No ano passado, Borges e o professor de direito penal Alaor Leite elaboraram um parecer que previa a possibilidade de punição de Bolsonaro, a pedido de entidades que defendem os direitos humanos —a Comissão Arns, a Artigo 19 e a Conectas. Esse documento foi juntado a uma ação apresentada em 2022 pelo Ministério Público Eleitoral que levou o ex-presidente a ser multado.
“Mas essa ação [contra Bolsonaro] tem uma peculiaridade. Tanto na representação do Ministério Público Eleitoral quanto nessa Aije ajuizada depois das eleições pelo PDT se alega que a reunião com os embaixadores é fruto de uma consequência, uma consolidação de uma sequência de ataques que já vinha acontecendo ao longo dos meses anteriores e que havia se intensificado”, afirma.
“Tanto na representação quanto naquela ação o que se alegou é que havia uma estratégia ampla, sistêmica, de produção e disseminação de desinformação contra o processo eleitoral, e inclusive para fins autoritários.”
Segundo ele, a visão que consta no processo é de que essa campanha de desinformação tinha como vetor central Bolsonaro, que era presidente da República e candidato à reeleição, e pretendia fazer com que uma parcela da população brasileira entendesse que as eleições haviam sido fraudadas e que o Judiciário estava envolvido em uma teoria da conspiração para favorecer Lula (PT), seu adversário.
Um ponto central do processo que será julgado contra Bolsonaro deve ser a desinformação contra a integridade do processo eleitoral, como aconteceu no processo que levou à cassação o deputado estadual Fernando Francischini, à época no PSL-PR, em 2021.
Francischini afirmou nas redes sociais, sem provas, que urnas foram adulteradas para impedir a eleição de Bolsonaro em 2018.

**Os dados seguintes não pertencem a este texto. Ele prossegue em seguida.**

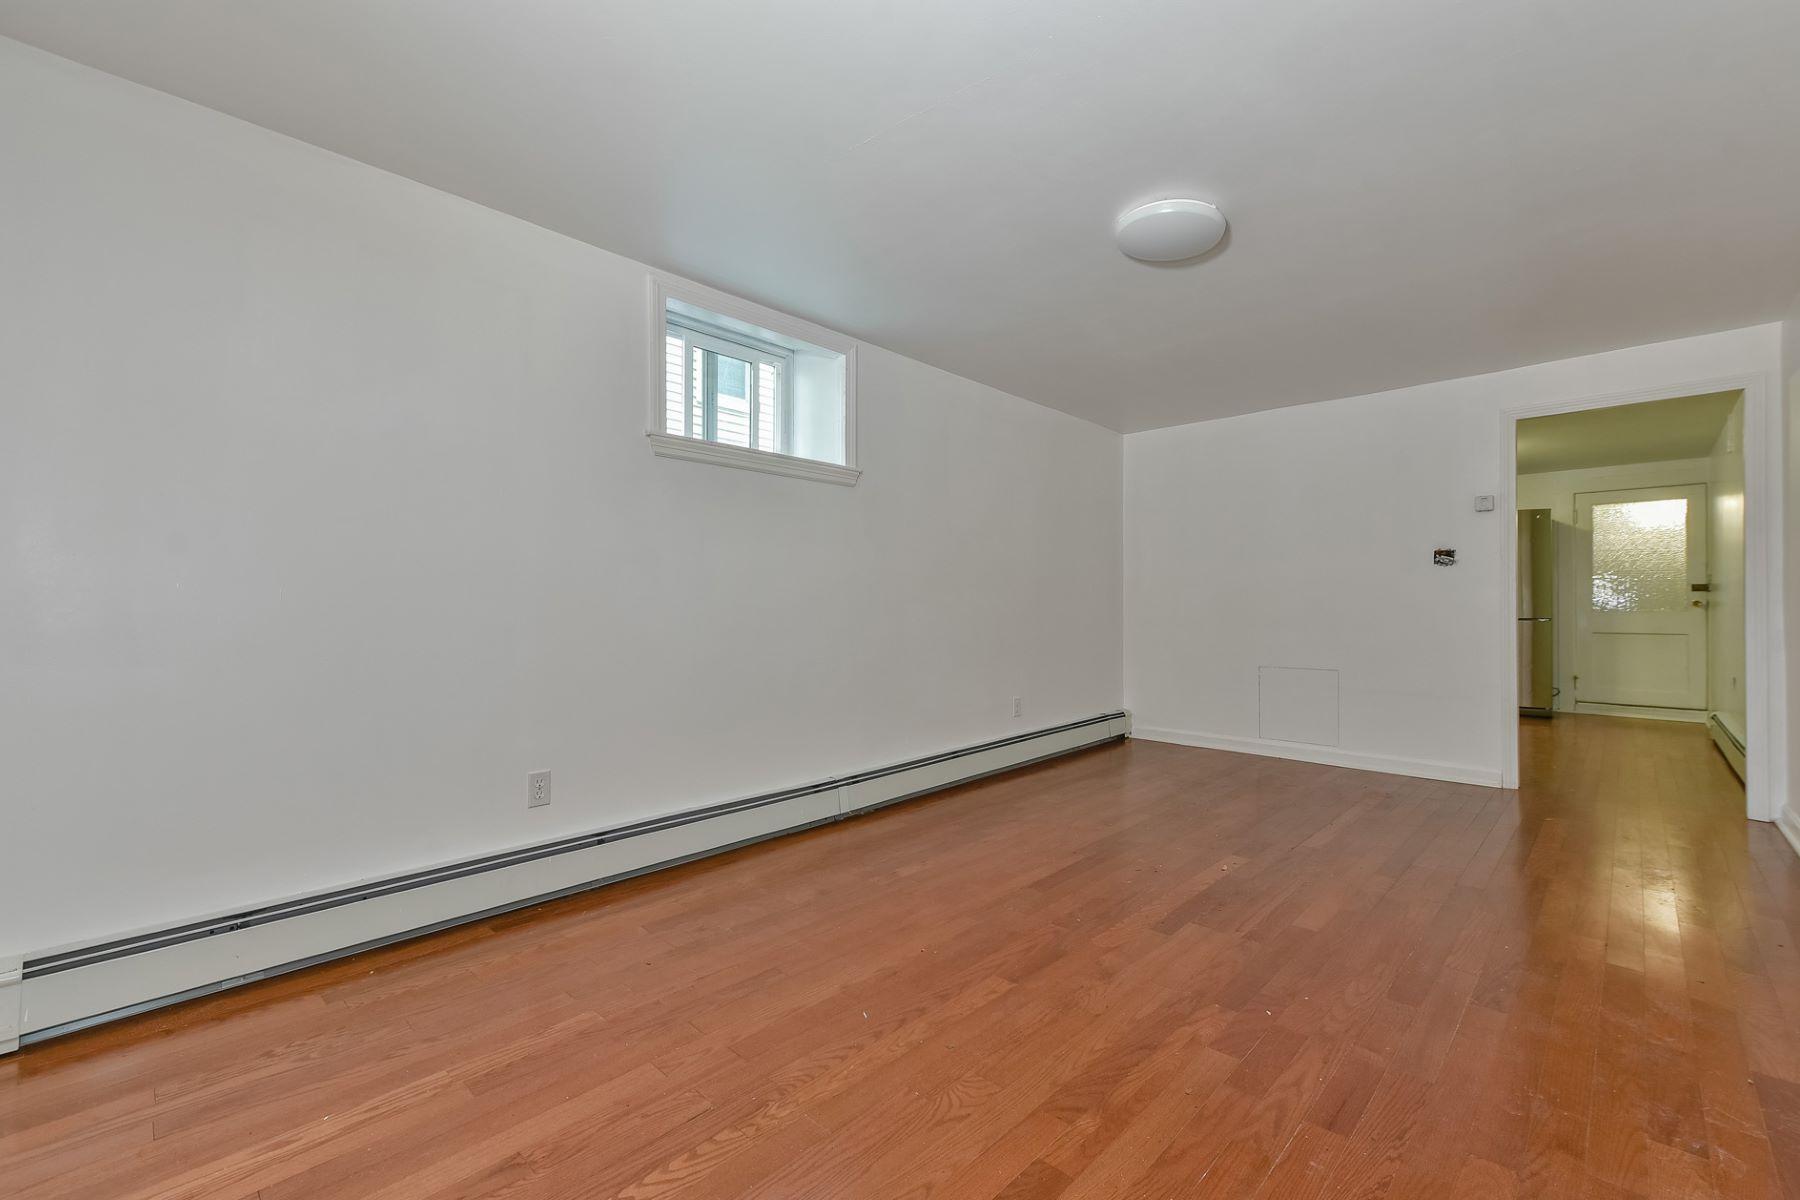 Additional photo for property listing at 10 Dent B, Boston  Boston, Massachusetts 02132 United States

No caso de Bolsonaro, o TSE deve centrar suas discussões menos no desequilíbrio causado pelo ex-presidente à competição eleitoral, como acontece mais tradicionalmente em julgamentos sobre abuso de poder político ou econômico pela corte, e mais sobre a gravidade do alcance da campanha de desinformação conduzida pelo ex-presidente.
“Nos casos tradicionais de abuso de poder, os requisitos que o tribunal sempre investigou para saber se o ilícito era grave o suficiente para aplicar uma eventual cassação ou inelegibilidade estavam ligados à gravidade quantitativa e qualitativa da agressão à igualdade de chances [entre candidatos]”, afirma Ademar Borges.
Vera Chemim, mestre em direito público pela FGV, critica o fato de o TSE ter aceitado a inclusão da minuta do golpe no processo e ampliado o escopo inicial da ação.
Ela menciona o artigo do Código de Processo Civil que prevê que é possível “alterar o pedido e a causa de pedir” até o saneamento do processo caso haja “consentimento do réu”.
“Lembro do caso da Dilma. Lá foi levada em consideração a chamada estabilização da demanda e a não inclusão de fatos novos no processo. Caso seguissem essa jurisprudência, não haveria como juntar essa minuta do golpe ao caso, até porque não se tem elementos para comprovar se realmente ele [Bolsonaro] teria aceitado essa minuta, se teria conhecimento ou não. Infelizmente, há um viés político ideológico, não há dúvida sobre isso, houve uma extrapolação”, diz.